О церковном учении и истинах катехизиса никто, уважающий себя, не
спорит, зная вперед, что они не могут выдержать никакой критики. Нельзя же
серьезно доказывать постное зачатие девы Марии или уверять, что
геологические исследования Моисея сходны с исследованиями Мурчисона.
Светские церкви гражданского и уголовного суда и догматы юридического
катехизиса стоят гораздо тверже и пользуются, впредь до рассмотрения,
правами доказанных истин и незыблемых аксиом. (217)
Люди, опрокинувшие алтари, не дерзали коснуться до зерцала.
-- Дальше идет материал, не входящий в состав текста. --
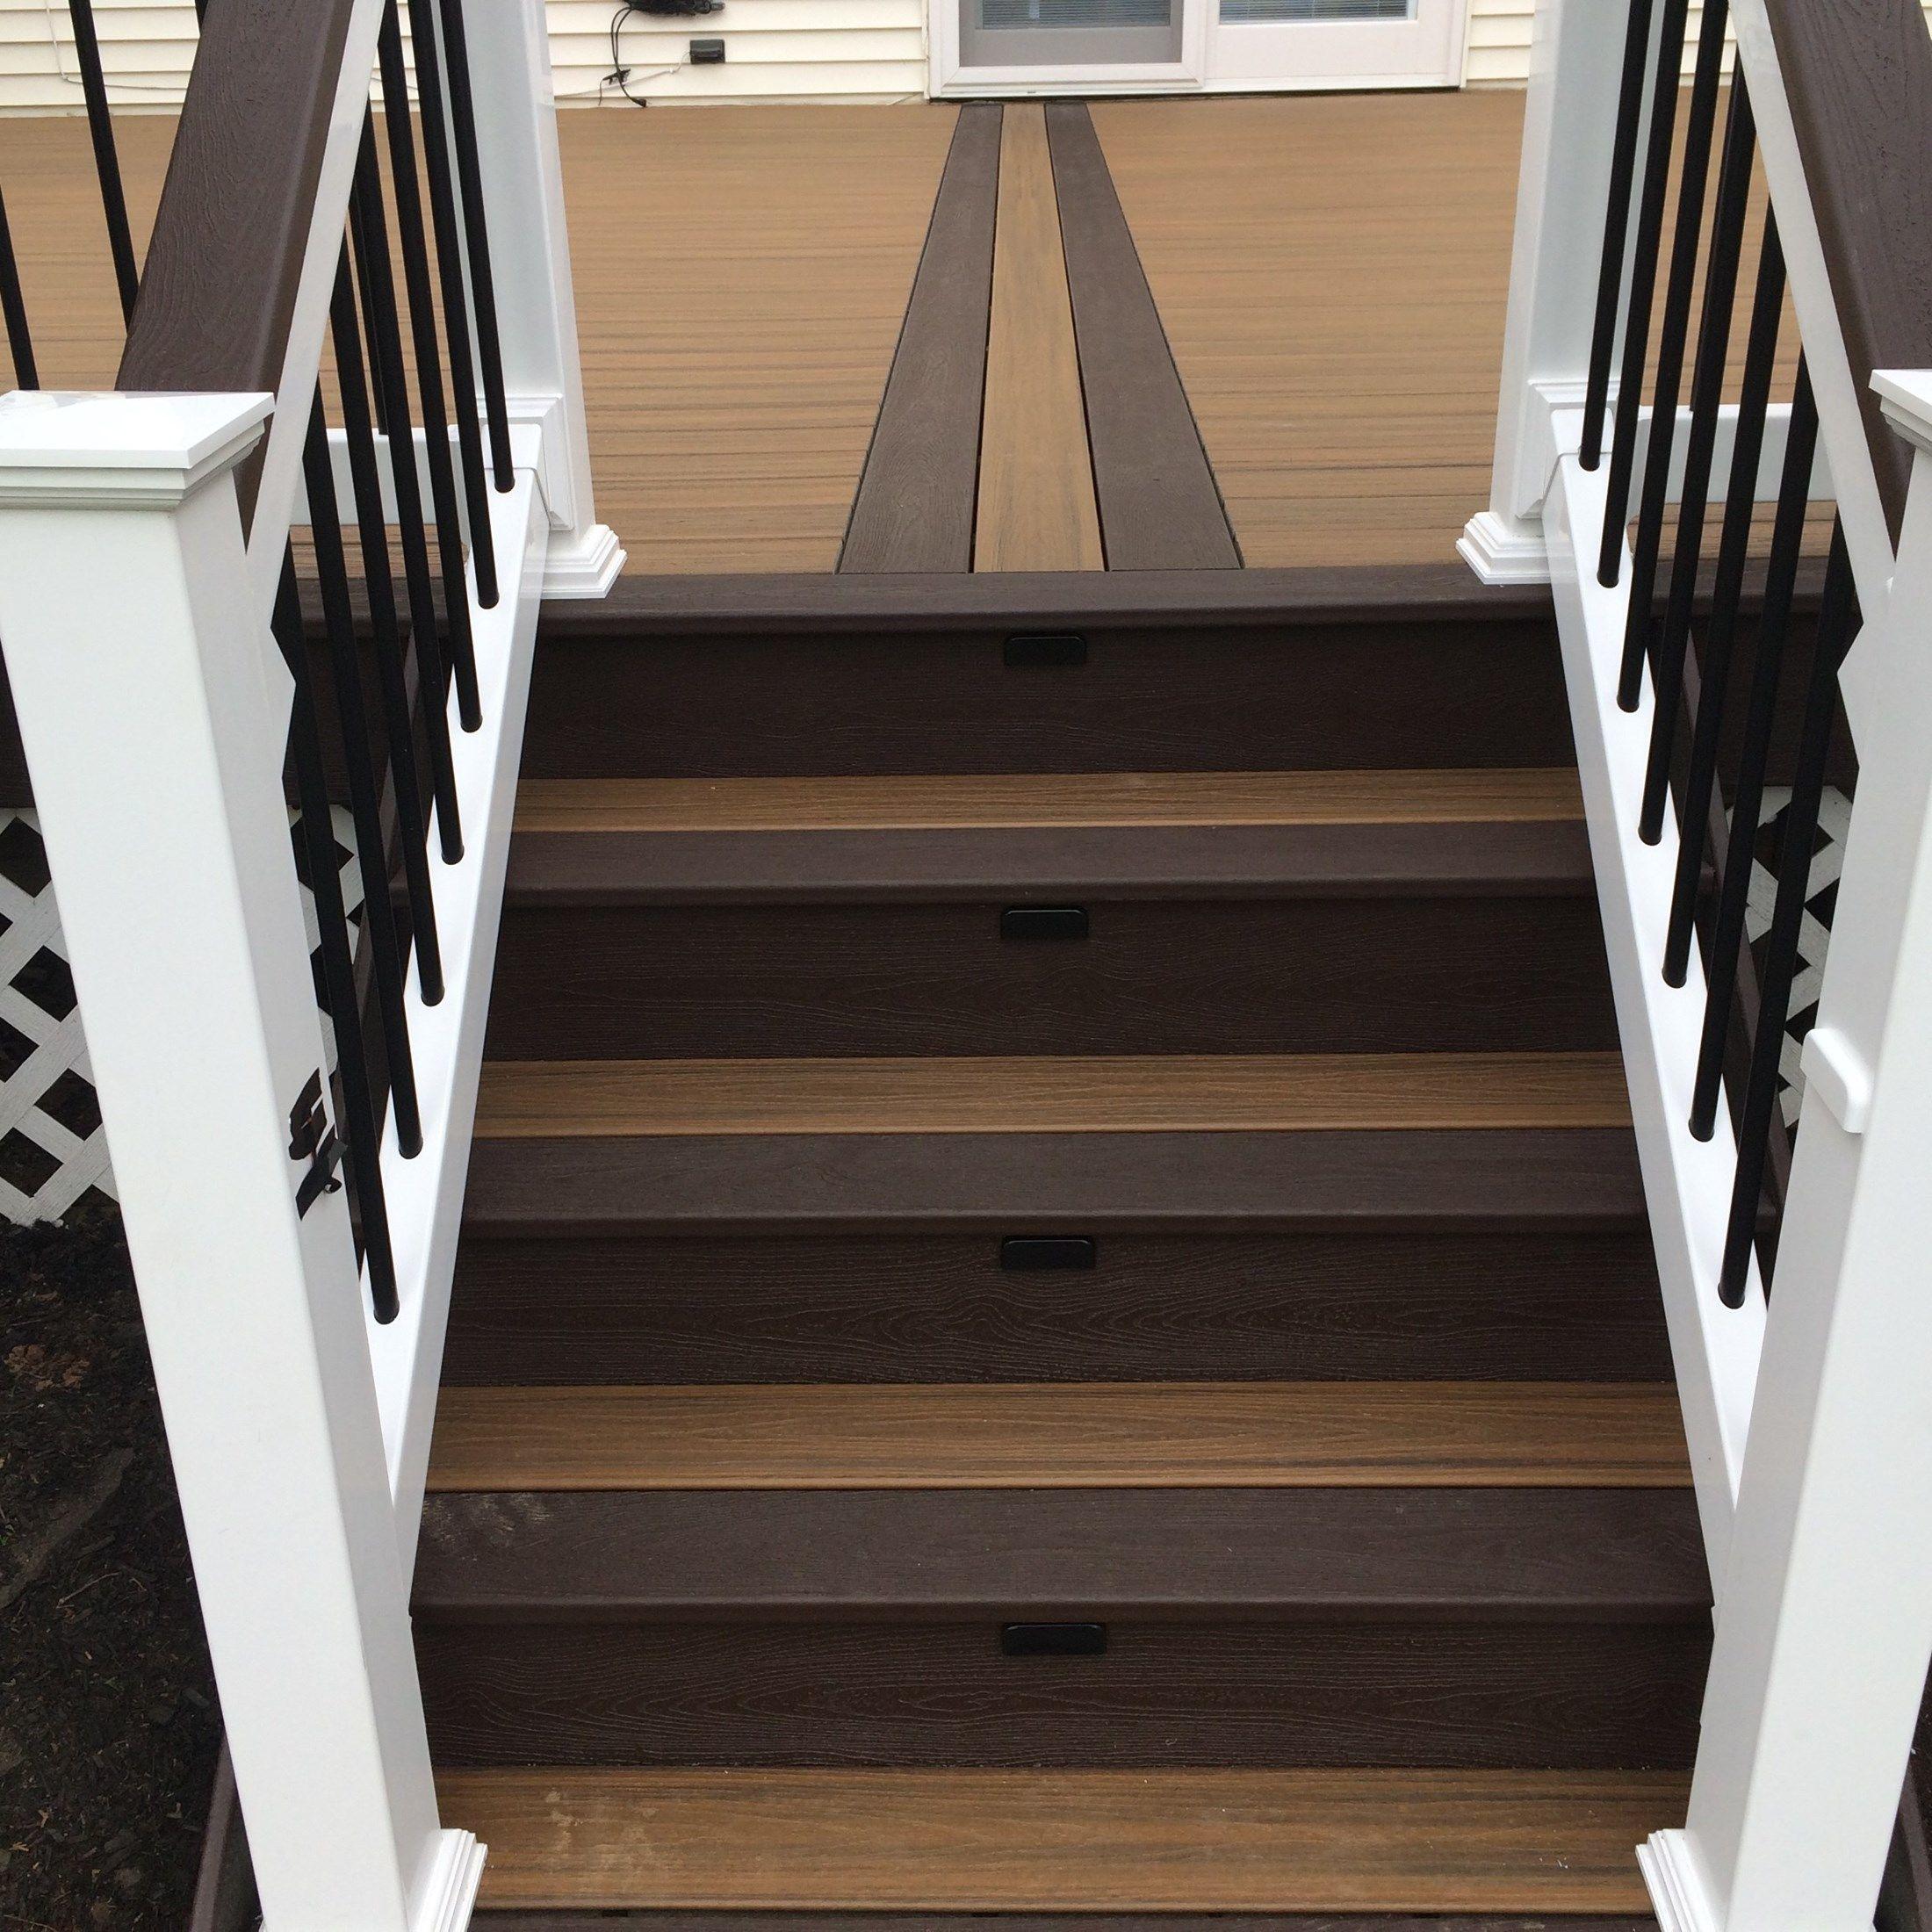 Custom deck in Millstone N.J. - Picture 6710

Анахарсис
Клоц, гебертисты, назвавшие бога по имени - Разумом, были так же уверены во
всех salus populi 314 и других гражданских заповедях, как средневековые попы
в каноническом праве и в необходимости жечь колдунов.
Давно ли один из сильнейших, из самых смелых мыслителей нашего века,
для того чтоб нанести церкве последний удар, секуляризовал ее в трибунал и,
вырывая из рук жрецов Исаака, приготовляемого на заклание богу, отдал его
под суд, то есть на заклание справедливости?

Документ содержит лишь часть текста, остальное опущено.